From 592a3498648af000e93dff2d36229ab11cd8c7f6 Mon Sep 17 00:00:00 2001
From: Martin KaFai Lau <kafai@fb.com>
Date: Thu, 24 Sep 2020 17:04:02 -0700
Subject: bpf: Change bpf_sk_storage_*() to accept
 ARG_PTR_TO_BTF_ID_SOCK_COMMON

This patch changes the bpf_sk_storage_*() to take
ARG_PTR_TO_BTF_ID_SOCK_COMMON such that they will work with the pointer
returned by the bpf_skc_to_*() helpers also.

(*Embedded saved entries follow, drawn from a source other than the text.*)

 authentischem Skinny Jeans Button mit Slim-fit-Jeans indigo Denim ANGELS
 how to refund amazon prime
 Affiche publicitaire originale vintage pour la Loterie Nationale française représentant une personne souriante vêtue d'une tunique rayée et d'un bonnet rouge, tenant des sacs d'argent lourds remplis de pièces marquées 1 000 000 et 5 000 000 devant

A micro benchmark has been done on a "cgroup_skb/egress" bpf program
which does a bpf_sk_storage_get().  It was driven by netperf doing
a 4096 connected UDP_STREAM test with 64bytes packet.
The stats from "kernel.bpf_stats_enabled" shows no meaningful difference.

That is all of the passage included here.